The extensible markup language package in R29 was used to load and parse documentation information contained in extensible markup language documents and read Hyper Text Markup Language from the xml2 package was used to extract all documentation text.29,30 The tabulizer package in R (version 3.5) was used to extract documentation from PDF files.31 For the table/metadata repository, we use the datatables.net package. For the node network visualization, we use the cytoscape package.

The full set of documentation in the metadata repository and the code to harmonize the variable depicted can be accessed in a workspace and on GitHub (https://github.com/duke-harmonization/manual_harmonization).

RESULTS

The online portal can be accessed online (https://precision.heart.org/duke-ninds). Researchers interested in studying cardiovascular disease and integrating data across the REGARDS study, FHS, MESA, and ARIC study can leverage this open platform to accelerate their work and better understand how the same variable is defined across all cohorts. An overview of the observational studies used, the total variables mapped, and the total stroke and outcome concepts represented were shown in Table.

Table. Overview of Harmonized Observational Study Variables

StudyConcepts Represented (N)Datasets (N)Variables Mapped (N)
REGARDS51554
MESA497174
ARIC5043310
FHS5224327

Breakdown of the concepts, datasets, and variables from each study in the harmonization. Concepts Represented refers to the number (N) of unique harmonized variables; Datasets indicates the number of unique dataset labels in dbGaP used; and Variables Mapped refers to the number of unique individual variables used in the harmonization. ARIC indicates Atherosclerosis Risk in Communities study; FHS, Framingham Heart Study; MESA, Multi-Ethnic Study of Atherosclerosis, and REGARDS, Reasons for Geographic and Racial Differences in Stroke study.

The online portal, as shown in Figure 3, includes the main harmonized variable section where researchers can easily browse or search for variables of their interest, such as race, age, and others. The interface also features a side panel that provides quick access to relevant resources for the researcher’s convenience. Below shows the step-by-step guide for using the metadata repository through an interactive web page on the AHA Precision Medicine Platform.

Figure 3.

Figure 3. Screenshot of online portal.

Step 1: Data access request. Because we do not have the rights to grant access to individual-level data, the first step for researchers is to submit a data access request to dbGaP. This can be done by clicking the dbGaP Access Request button on the site, which will redirect investigators to the National Institutes of Health dbGaP repository. Please note that access to the REGARDS cohort is currently only available through the University of Alabama at Birmingham.

Step 2: Variable curation. The variable curation process involves harmonizing stroke outcome and risk factor variables across studies. Researchers can navigate to the Harmonized Variables section and search for the variable of interest. Figure 4 presents a case study to demonstrate 1 harmonized variable, atrial fibrillation, and shows what researchers can find in this platform. The portal will display a table of raw variables from each study that were grouped together to create the harmonized variable. Researchers can then explore additional information about individual study variables, such as the source study, dataset, and the fields used for harmonization. For each harmonized variable, users can also visualize a network display to understand how each raw variable in the original studies was mapped and transformed to this harmonized variable. By clicking on a node, users will see a table displaying the variable name, dataset description, and the variable description.

Figure 4.

Figure 4. Application of a use case. We select a harmonized variable, for example, Atrial Fibrillation, to demonstrate additional information used to create the harmonized variable and how it may be visualized through a node network. The nodes and edges in the network can be toggled to display additional variable documentation and how the variables were transformed. https://precision.heart.org/duke-ninds.
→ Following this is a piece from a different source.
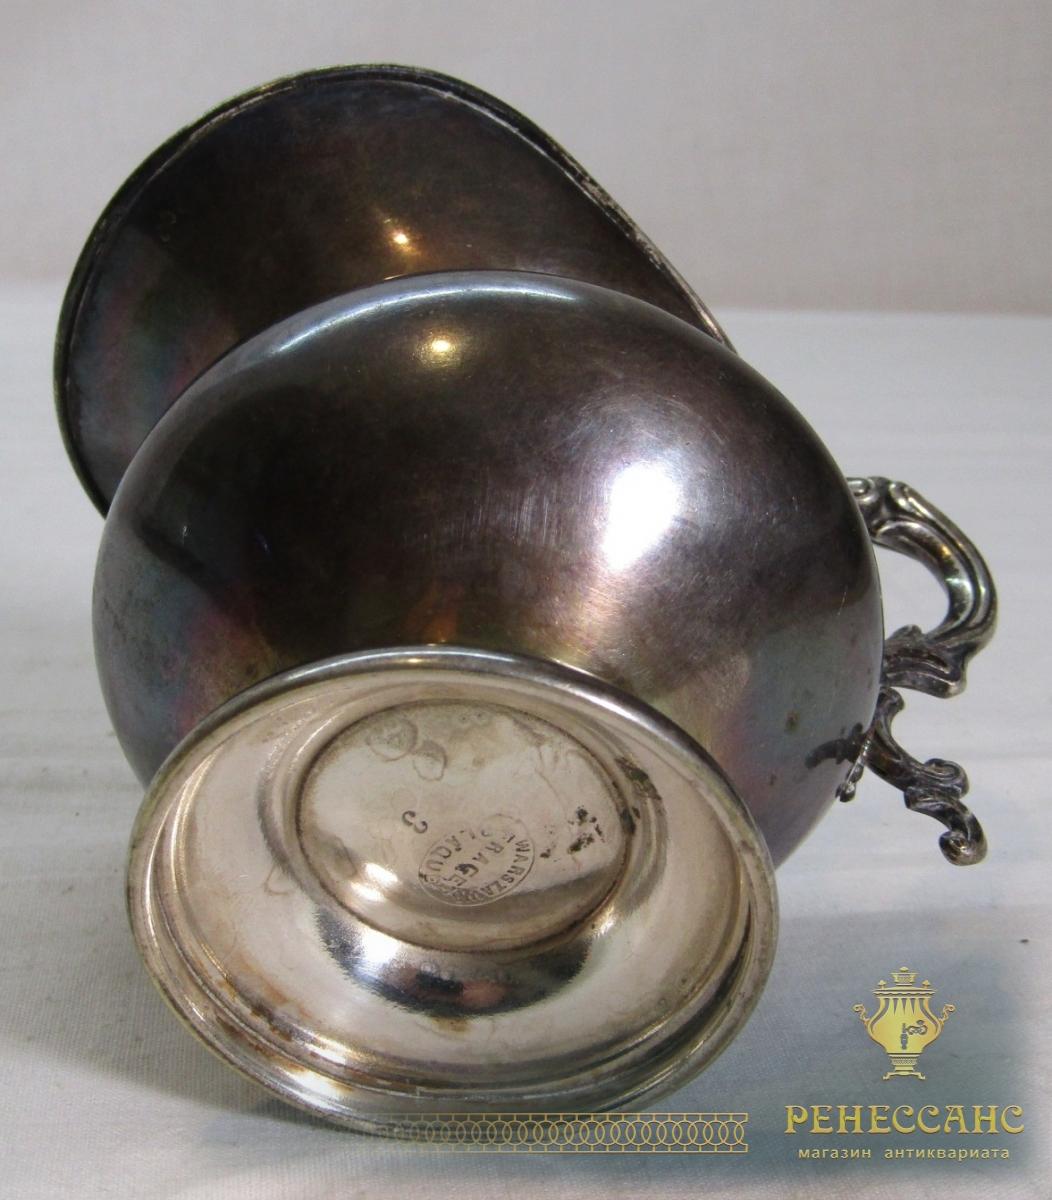 Сливочник старинный «Fraget» Варшава 19 век №6935

Step 3: Validation. Because the National Institute of Neurological Disorders and Stroke (NINDS) Common Data Elements contain standards used by the ARIC study to define stroke and transient ischemic attack, the validation of curated stroke outcome and variables also relied on the NINDS Common Data Elements where available. To validate data harmonization, clinical experts can navigate to the Standardization section in the top panel of the repository and click Mapping Table. This will display the mapping from the curated variable to NINDS and Systematized Nomenclature of Medicine. The experts can manually review the definitions of Common Data Elements and those of the study-specific and cohort-specific variables to ensure they are sufficiently congruent.

The platform also includes hyperlinked documentation and resource repositories to enable easy access to additional outside resources and content.

DISCUSSION

We have created a metadata repository with an interactive website for researchers to facilitate data harmonization of variables from the FHS, MESA, ARIC, and REGARDS studies. This resource provides access to the source code for data harmonization showing reusable and interoperable mappings, conceptualization, and transformation of study variables, which researchers can run the logic to create these harmonized variables in their own studies. This repository also provides access to analysis code for risk prediction models such as stroke outcome prediction. By combining and harmonizing variables from multiple observational studies, this resource addresses the demand for combined data sets, by increasing overall sample size and increasing representation of historically underrepresented populations. This enables researchers to explore research questions that were previously unattainable due to limited sample sizes or lack of diversity in study populations. A few scientific examples of how harmonizing studies accelerates research include expanding the pool of risk prediction factors, improving modeling techniques to address observed racial disparities, conducting sensitivity analysis and evaluating model performance stratified by age, gender, and race/ethnicity groups, and improving model performance for predicting new-onset stroke and outcomes.32

Other repositories exist that support discoverability, comparison, and dynamic reuse.21,33 However, the scope of these repositories is limited to requesting access to data and currently few, if any, exist that are centered around facilitating integration and curation. Global repositories such as dbGaP and the Biologic Specimen and Data Repository Information Coordinating Center have been developed to support reuse of data from an individual observational study21,33; however, lack of in-depth documentation, semantic interoperability, and standardization remains a challenge for discovery and comparison of variables when harmonizing multiple observational studies for predictive models.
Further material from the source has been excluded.